What is needed: Repeat the lines from the one containing "GDSC MIT Academy of Engineering logo" through the end of the listing exactly, both ends included. Do not carry over any pictures.

Dataset excerpt:
====

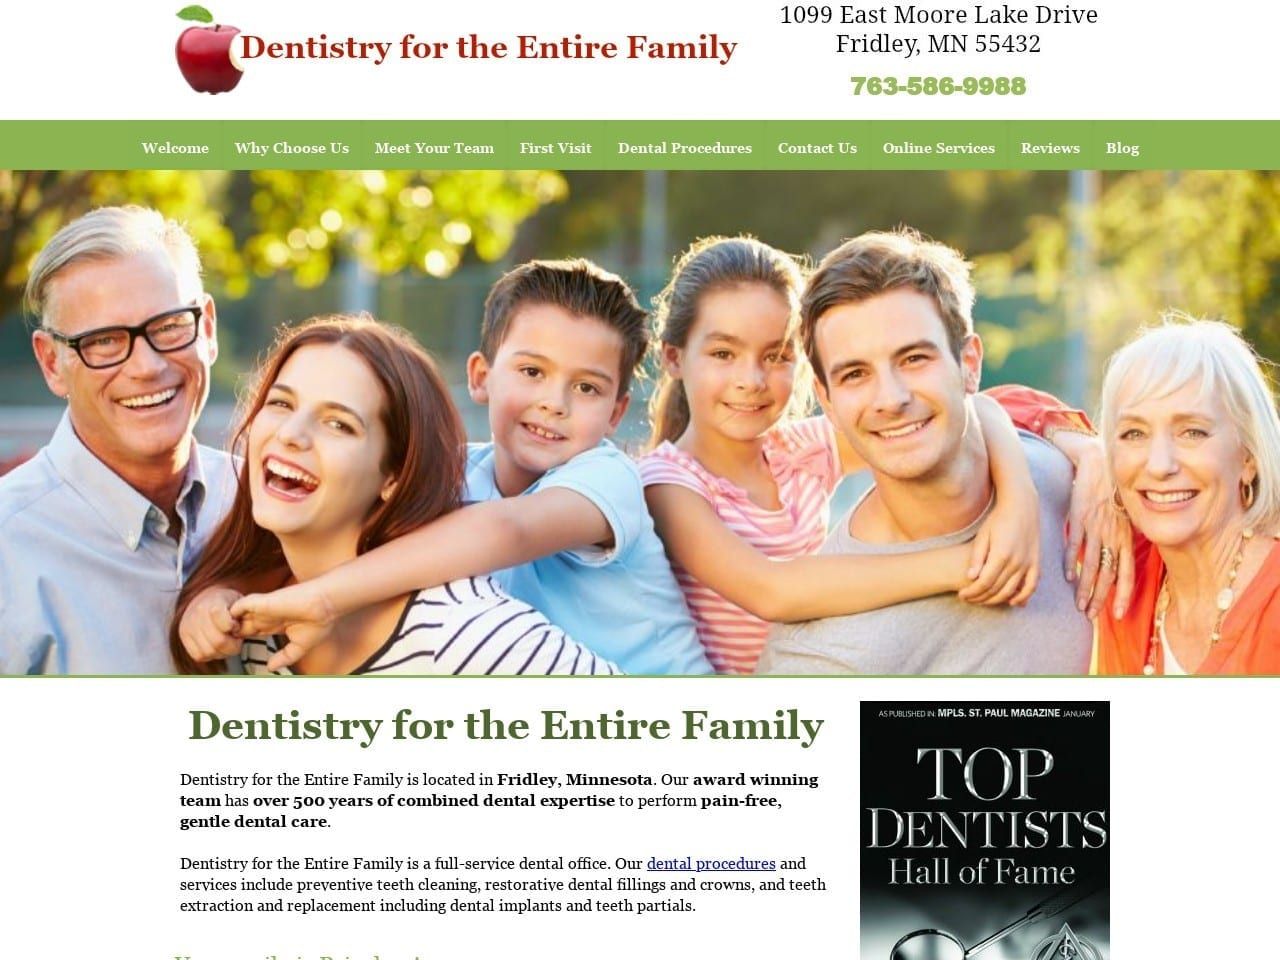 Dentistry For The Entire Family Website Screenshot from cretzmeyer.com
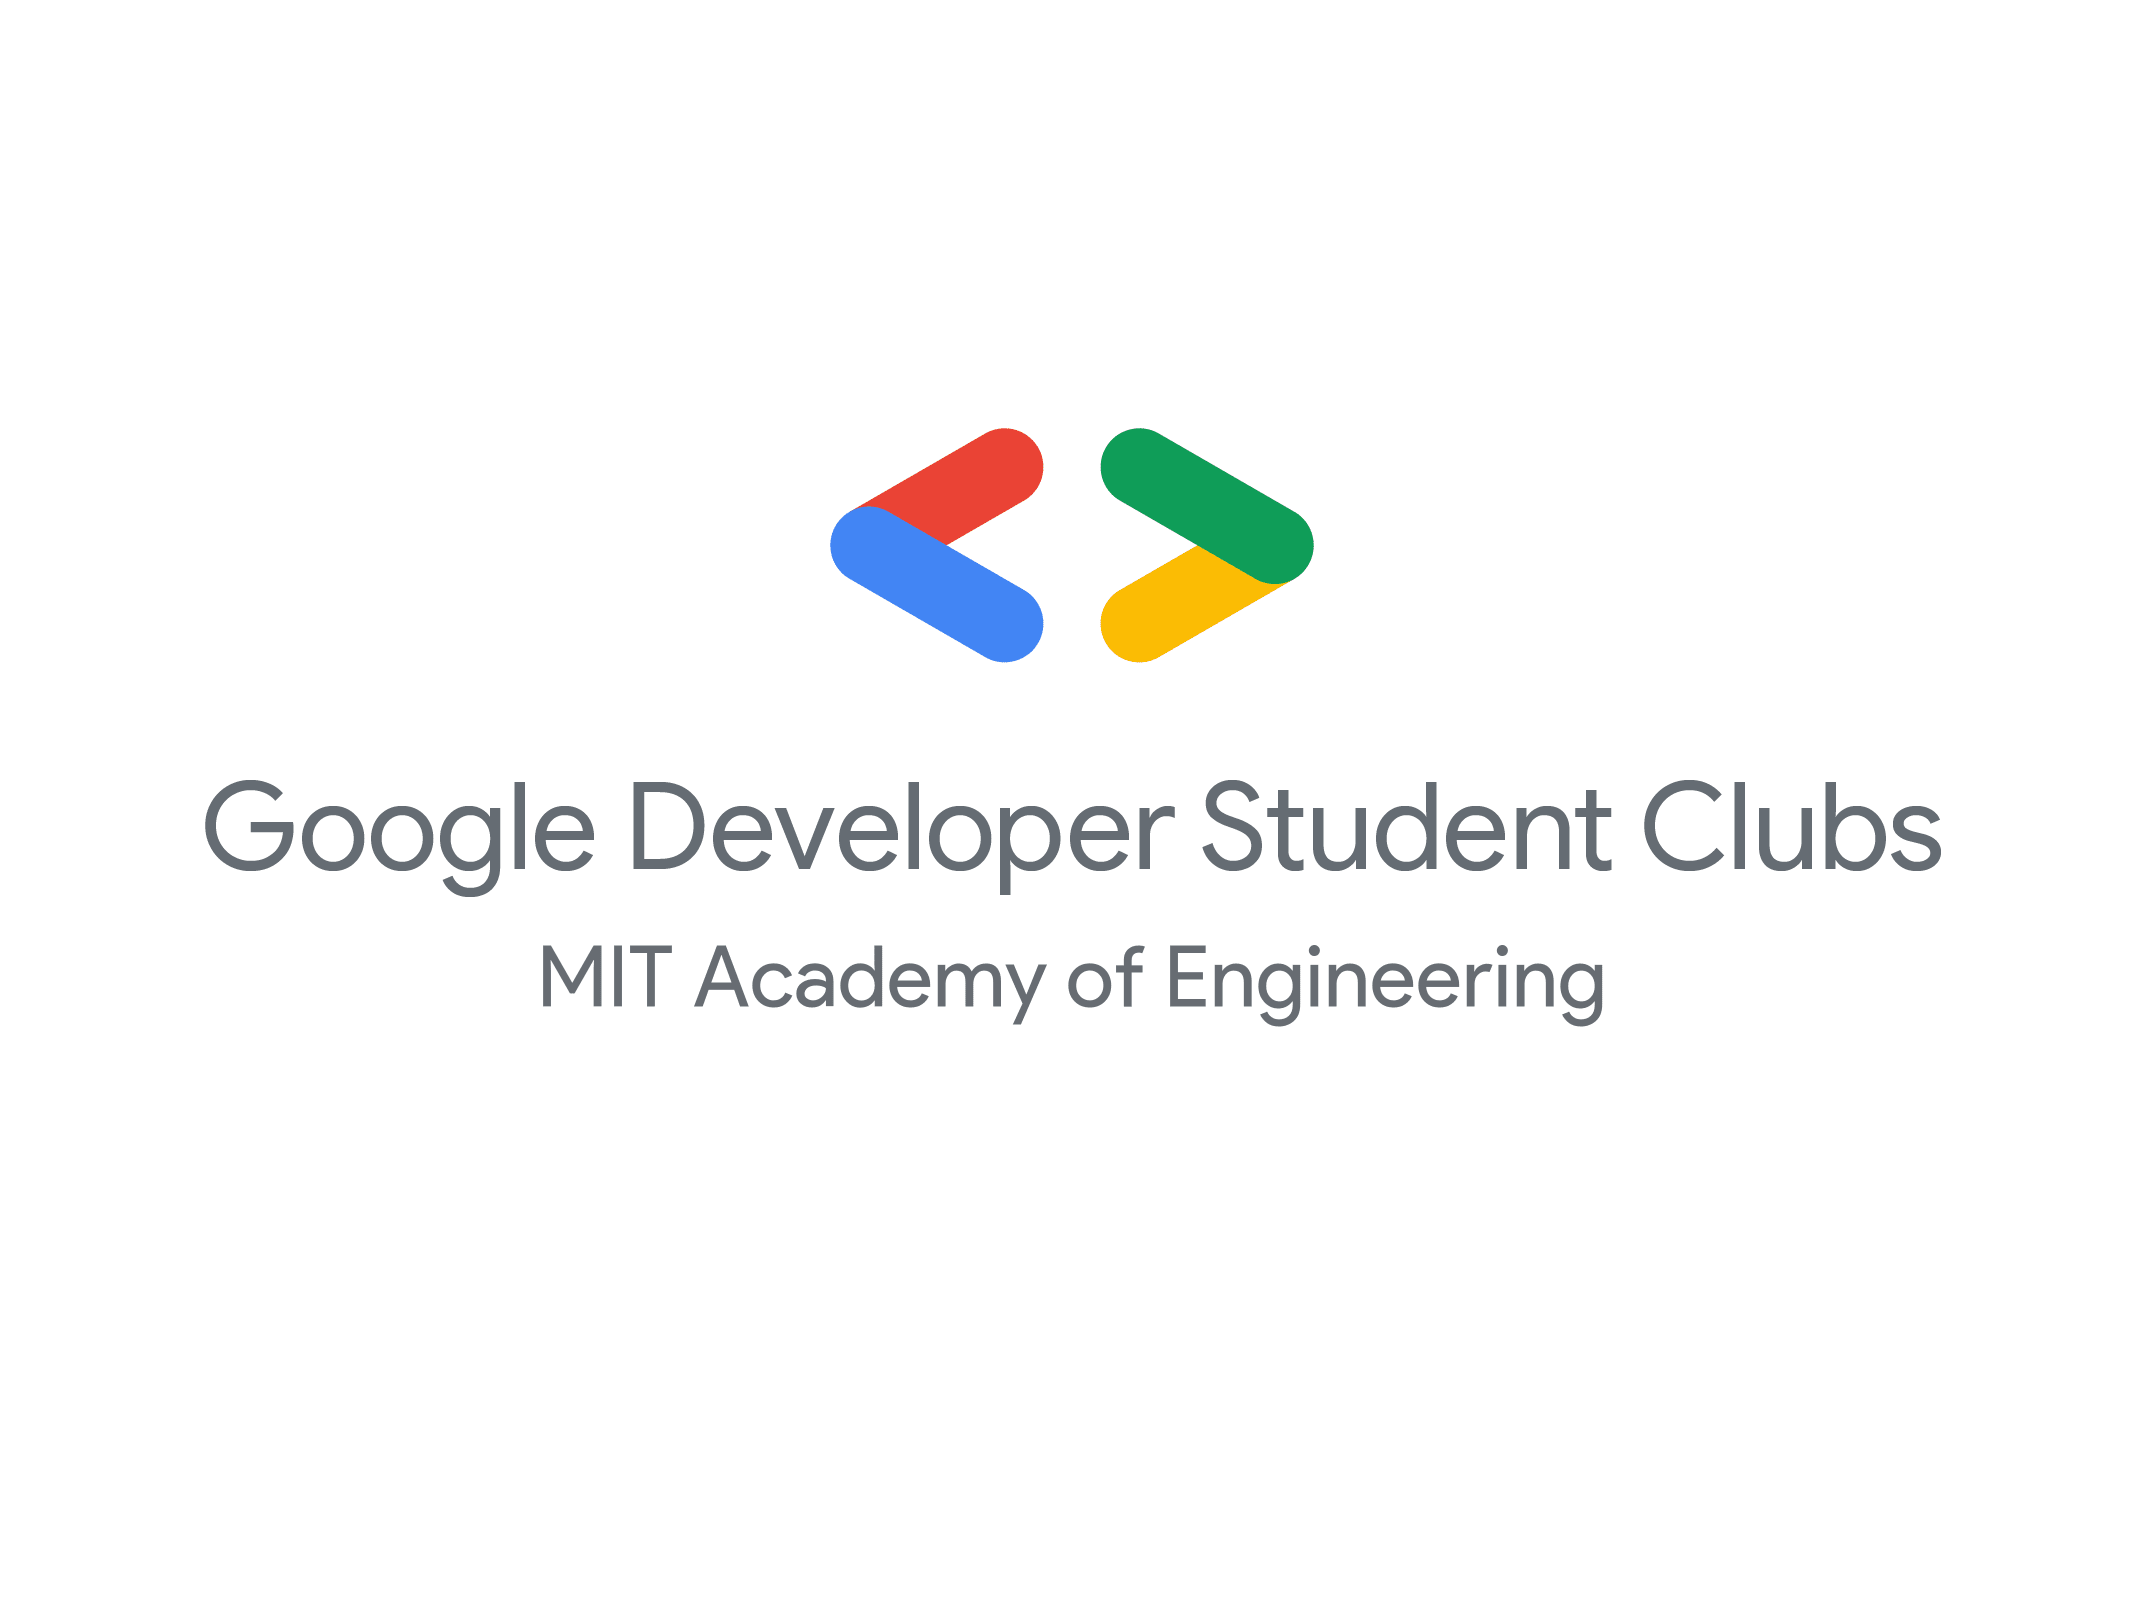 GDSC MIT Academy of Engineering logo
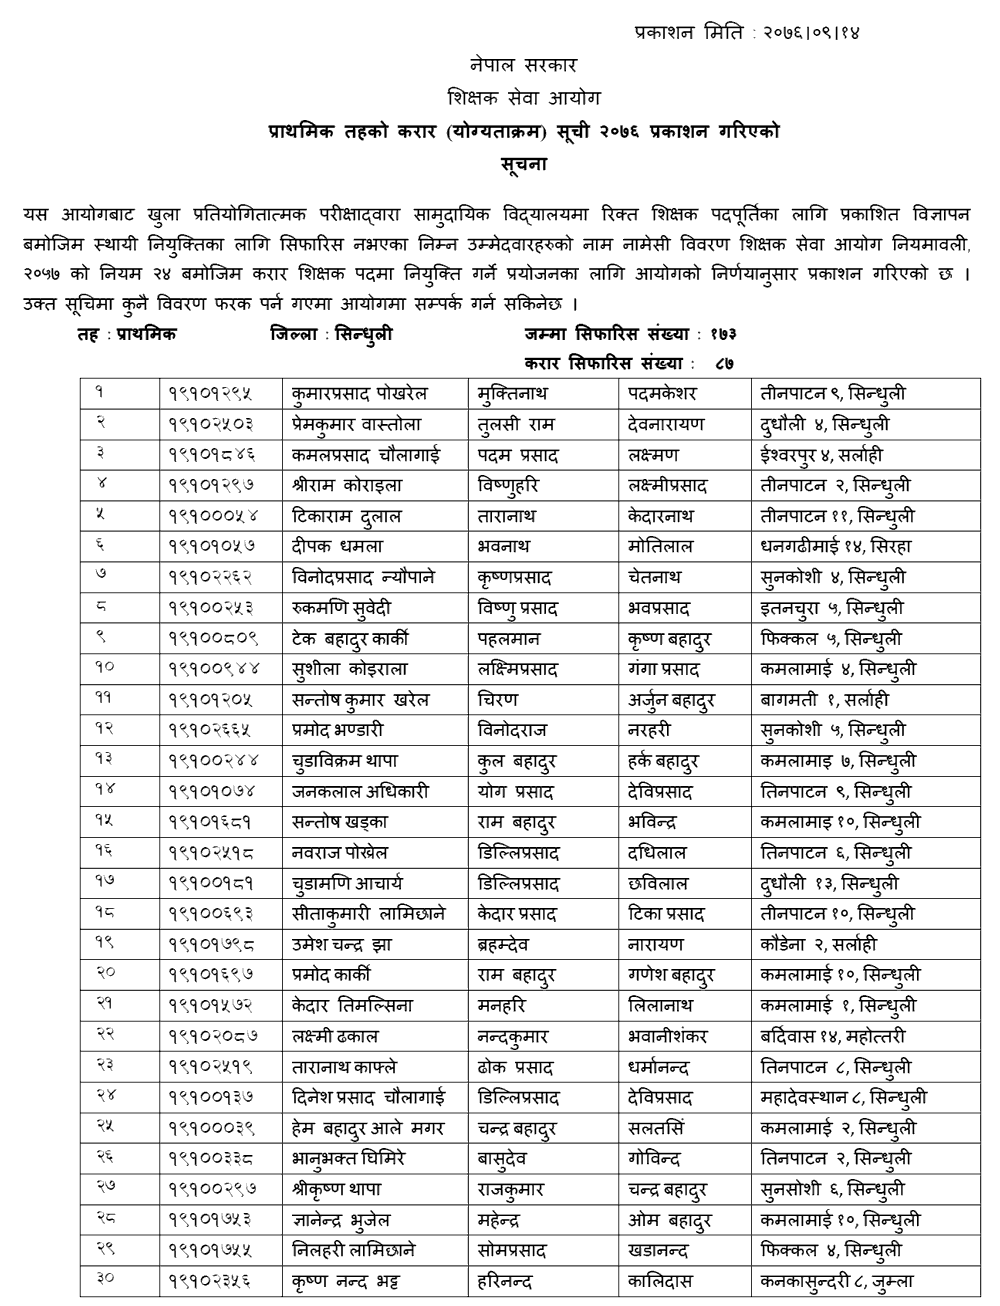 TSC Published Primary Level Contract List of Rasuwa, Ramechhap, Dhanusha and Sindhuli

====

Result below:
 GDSC MIT Academy of Engineering logo
 TSC Published Primary Level Contract List of Rasuwa, Ramechhap, Dhanusha and Sindhuli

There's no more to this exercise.